Data extracted from a collection
------------------------------------------------

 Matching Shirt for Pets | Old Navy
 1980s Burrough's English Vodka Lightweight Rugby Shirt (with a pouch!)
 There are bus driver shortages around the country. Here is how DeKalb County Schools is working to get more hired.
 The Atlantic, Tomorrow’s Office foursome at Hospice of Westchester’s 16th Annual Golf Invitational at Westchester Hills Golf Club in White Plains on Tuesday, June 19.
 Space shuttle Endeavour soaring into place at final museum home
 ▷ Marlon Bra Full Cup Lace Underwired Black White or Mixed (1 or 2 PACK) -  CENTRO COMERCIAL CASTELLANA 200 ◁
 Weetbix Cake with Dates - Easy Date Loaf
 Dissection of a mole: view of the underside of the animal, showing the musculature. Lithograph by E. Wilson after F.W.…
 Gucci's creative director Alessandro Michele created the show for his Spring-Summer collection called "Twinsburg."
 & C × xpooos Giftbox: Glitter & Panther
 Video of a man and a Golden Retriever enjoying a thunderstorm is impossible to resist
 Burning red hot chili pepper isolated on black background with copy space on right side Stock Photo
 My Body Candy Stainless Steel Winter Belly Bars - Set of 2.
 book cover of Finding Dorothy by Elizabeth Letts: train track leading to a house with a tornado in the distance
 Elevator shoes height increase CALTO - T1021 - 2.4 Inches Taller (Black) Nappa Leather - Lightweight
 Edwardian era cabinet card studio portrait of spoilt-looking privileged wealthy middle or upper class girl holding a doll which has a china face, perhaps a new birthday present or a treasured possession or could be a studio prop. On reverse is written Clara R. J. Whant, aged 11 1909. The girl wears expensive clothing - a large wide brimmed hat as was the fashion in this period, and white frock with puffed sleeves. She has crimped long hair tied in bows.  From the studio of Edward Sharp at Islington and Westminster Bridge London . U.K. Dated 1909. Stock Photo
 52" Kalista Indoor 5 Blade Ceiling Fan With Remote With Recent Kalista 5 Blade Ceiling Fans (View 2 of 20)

------------------------------------------------

- What is being asked: Every line in the data that holds the string "Photo" should be copied.

- Solution to this problem:
 Burning red hot chili pepper isolated on black background with copy space on right side Stock Photo
 Edwardian era cabinet card studio portrait of spoilt-looking privileged wealthy middle or upper class girl holding a doll which has a china face, perhaps a new birthday present or a treasured possession or could be a studio prop. On reverse is written Clara R. J. Whant, aged 11 1909. The girl wears expensive clothing - a large wide brimmed hat as was the fashion in this period, and white frock with puffed sleeves. She has crimped long hair tied in bows.  From the studio of Edward Sharp at Islington and Westminster Bridge London . U.K. Dated 1909. Stock Photo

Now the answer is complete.